# Fly reel resistance when reeling..???



## Salty_South (Feb 25, 2009)

I now have 2 fly reels (lamson radius, and vosseler S1) that are hard to reel when the drag is set tight. If the drag is loosened up, they are easy to crank. But if the drag is locked down, so is the rest.. 

Anyone experienced this? Is it a bearing or something?


Thanks,
Kai


----------



## DSampiero (Oct 18, 2009)

I don't own nor have taken apart either of those, but it really sounds as if you've spooled them backwards :-?. Regardless of drag setting the reel should turn freely in the retrieve direction. Bring 'em to your local fly shop and have them take a look.
Good Luck!


----------



## Yoreese (Oct 15, 2009)

I agree sounds like it's spooled backwards.


----------



## robbiewall (Jun 3, 2010)

my ross aririus has two small tabs in the housing that set the direction of the drag when switching retrieval direction. I once got one tab set in the wrong direction (one to R and one to L) just in fumbling swithcing out spools, which resulted in drag being applied in both directions. Not sure how those models switch for different retrieving directions but look to that area of the reel for possible issues-


----------



## Salty_South (Feb 25, 2009)

Well, they definitely aren't spooled backwards... I will go ahead and take them apart and see what in the world is going on in there. Maybe the tabs are switched somehow.

Thanks


----------



## DarkstarCrashes (Nov 29, 2009)

I have an older Lamson Velocity that had the same problem. I just sent it in, it's honestly probably from using it in salt so much and never really washing it out. It has been a hell of a beater reel I must say.


----------



## Canoeman (Jul 23, 2008)

Some of the older Lamsons had bearing problems. Call them and they will send you another one.


----------



## GAfly01 (Jun 4, 2007)

I had a Bauer reel that had the same problem. Main bearing was coroded.


----------



## iFly (Mar 9, 2010)

> Well, they definitely aren't *spooled backwards*...  I will go ahead and take them apart and see what in the world is going on in there.  Maybe the tabs are switched somehow.
> 
> Thanks


I have a couple Lamsons. They both have reversible bearings. Reverse the bearing and see if it makes any difference. The reel should free spool in one direction no matter how much drag you apply. One direction is adjustable with drag and the other direction is always in free spool except for the resistance of the "clicker". If when you apply drag it causes both directions to have increased drag, then you have a bad bearing or some other mechanical problem. Let us know if you did or can reverse the bearing.


----------



## Salty_South (Feb 25, 2009)

Well, the lamson is absolutely corroded and frozen up... so there may be no hope for that one.
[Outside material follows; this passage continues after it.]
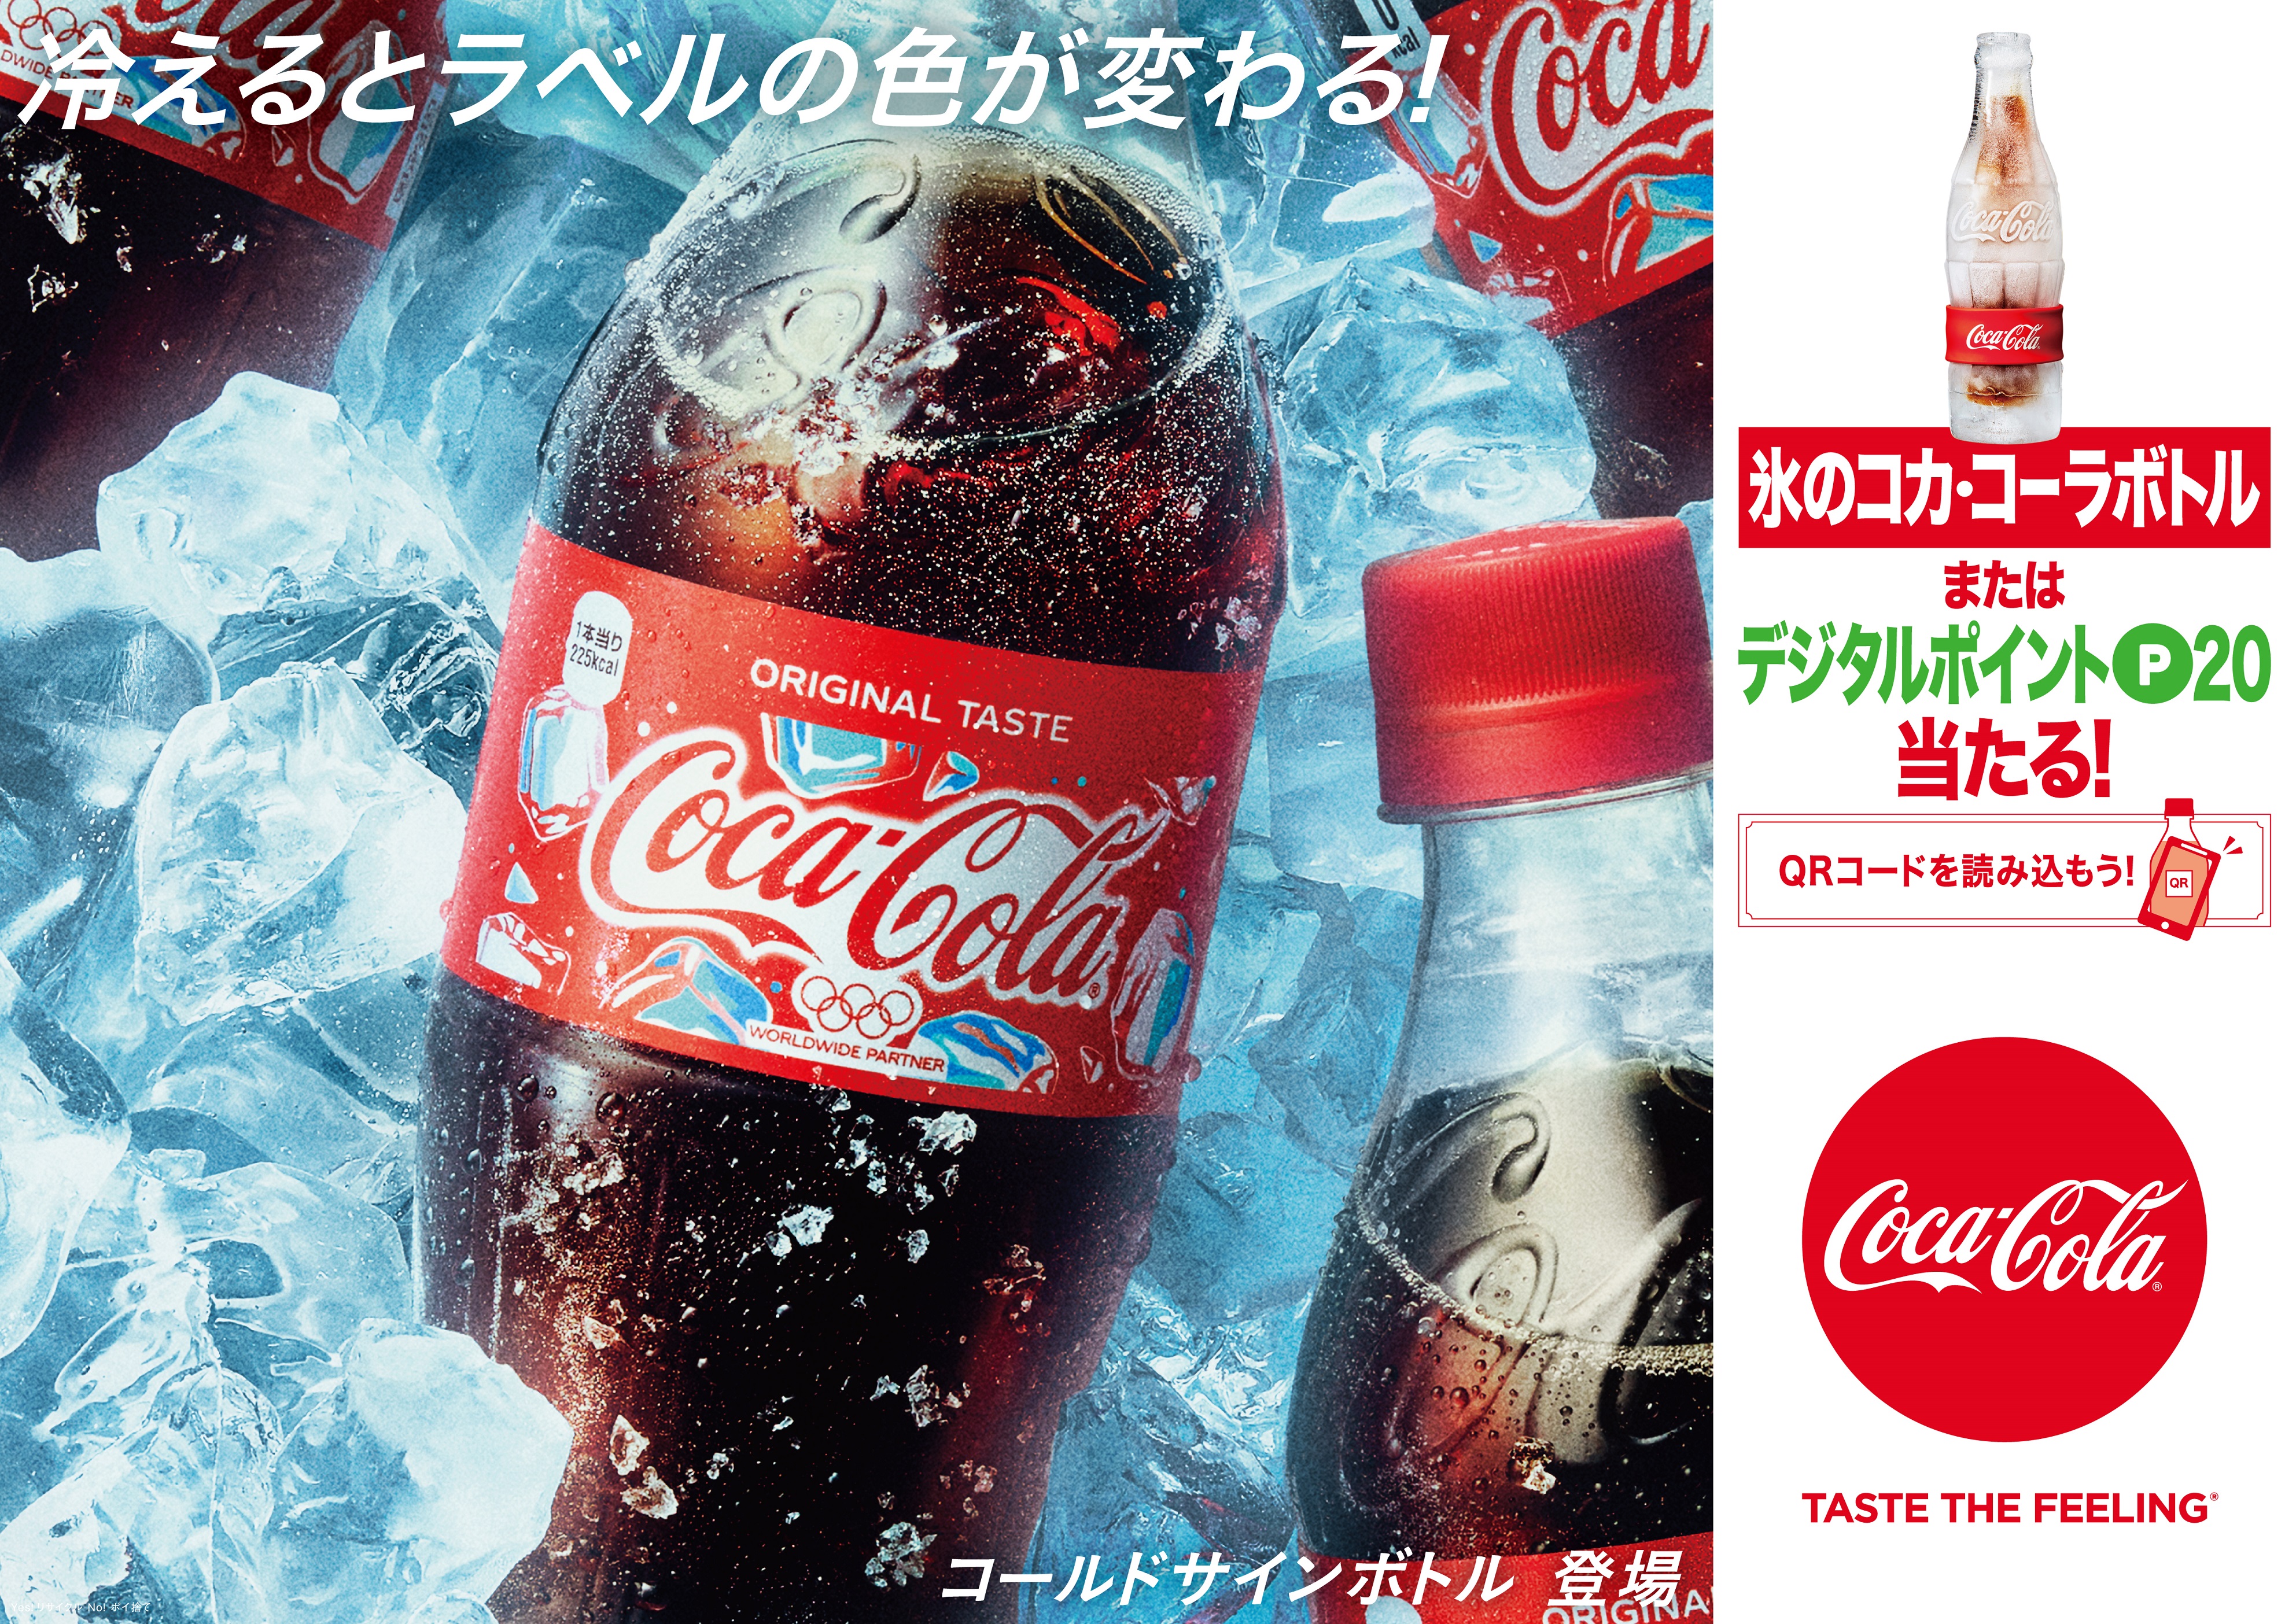 東京2020オリンピック開幕一年前となる コカ コーラ サマーキャンペーン 冷やすとラベルの色が変わる コカ コーラ コカ コーラ ゼロ コールドサインデザイン6月17日 月 から期間限定発売 日本コカ コーラ株式会社のプレスリリース

It is 9 years old so not a heartbreaker. 

The vosseler on the other hand, I took apart and realized the bearing was frozen. The fix: Crank the drag all the way up and just keep reeling until the bearing unfreezes. And now she works just fine.


Thanks for everyones input! 

Kai


----------



## iFly (Mar 9, 2010)

> Well, the lamson is absolutely corroded and frozen up...  so there may be no hope for that one.  It is 9 years old so not a heartbreaker.
> 
> The vosseler on the other hand, I took apart and realized the bearing was frozen.  The fix:  Crank the drag all the way up and just keep reeling until the bearing unfreezes.   And now she works just fine.
> 
> ...


We all learn from a problem solved (or the true problem being revealed).  

Send me the old Lamson for parts. I bet I could use it.


----------